An anonymous reader writes "NASA's Mars rovers have been on the red planet for five years now. The rovers were originally planned to stay operational on the planet for only 90 days, but it has turned into a much longer mission than anticipated. NASA has put together a video to celebrate the anniversary. The rovers have made important discoveries about wet and violent environments on ancient Mars. They also have returned a quarter-million images, driven more than 21 kilometers (13 miles), climbed a mountain, descended into craters, struggled with sand traps and aging hardware, survived dust storms, and relayed more than 36 gigabytes of data via NASA's Mars Odyssey orbiter. To date, the rovers remain operational for new campaigns the team has planned for them."

8 of 147 comments (clear)

  1. typical government project by Anonymous Coward · · Score: 5, Funny

    Supposed to be finished in 90 days, ends up taking 5 years.
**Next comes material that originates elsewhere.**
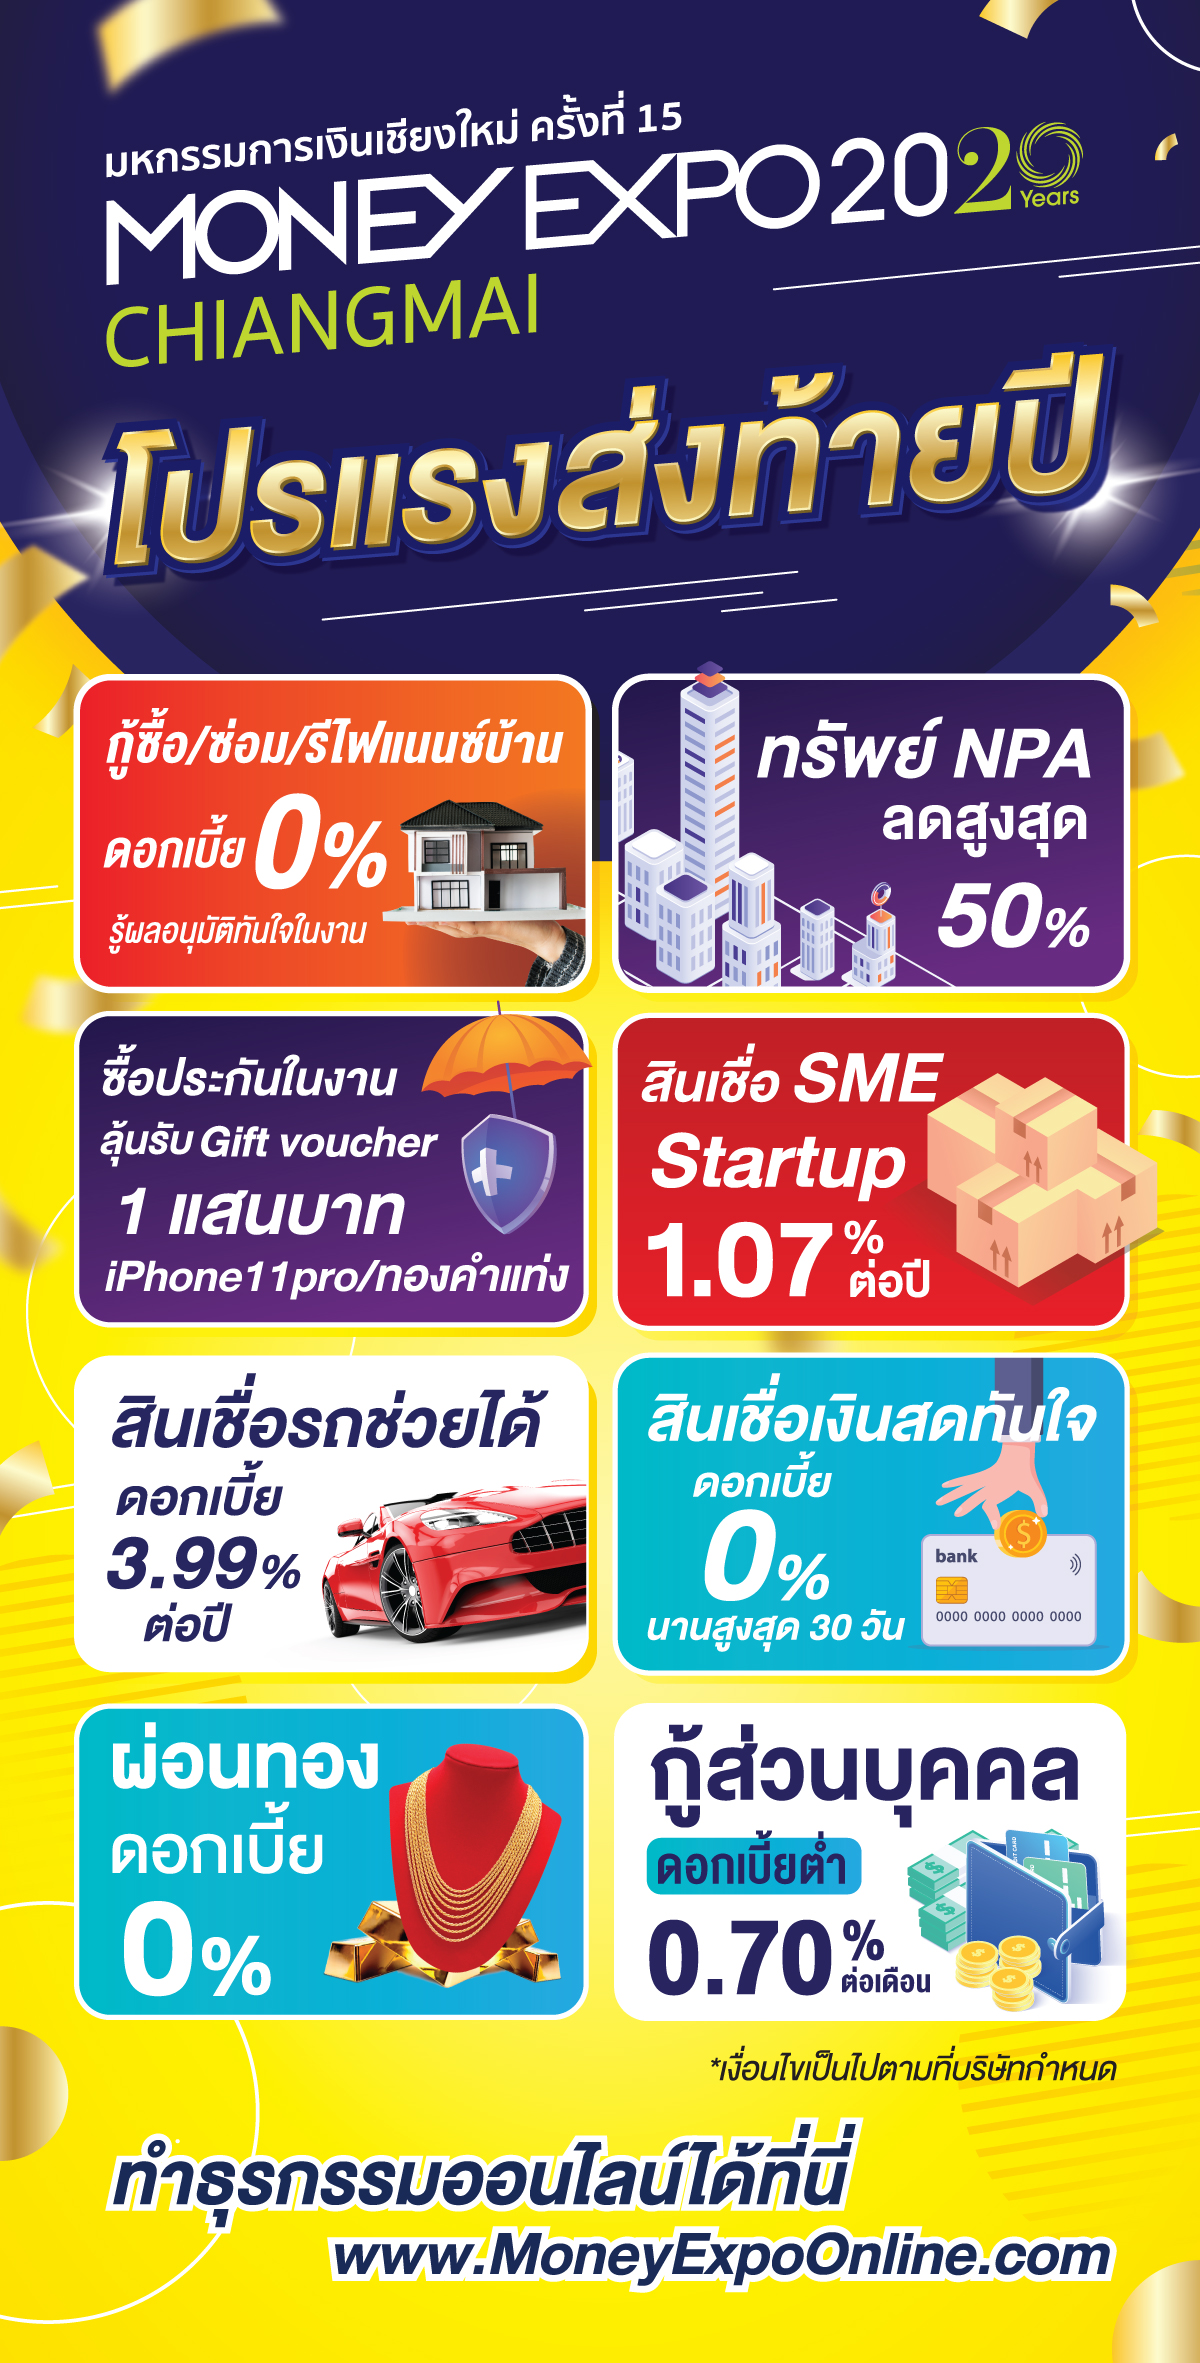 Money Expo Chiangmai 2020

    1. Re:typical government project by dotgain · · Score: 5, Funny

      Just stick to the standard 'Whoosh!', please.

  2. Re:Martian moon photos? by ceejayoz · · Score: 5, Informative

    Yes, the rovers have photographed both moons.

  3. Re:Take that flaky humans! by Rinikusu · · Score: 5, Informative

    Actually, when compared to humans, it's not that great. A human could've crossed that 12 miles in a day. Humans can scale that "mountain" and the "crater" in a matter of minutes. Basically, a Human team could've done the entire 5 year mission (so far) in less than a couple days. In fact, with a geologist on board, they probably could've done even more science as other opportunites presented themselves.

    --
    If you were me, you'd be good lookin'. - six string samurai
  4. Re:Fascinating by BZWingZero · · Score: 5, Interesting

    Not only do we have landers, rovers, and satellites around another planet, but we can coordinate them so one of the orbiting satellites can take a picture of a lander as it is landing!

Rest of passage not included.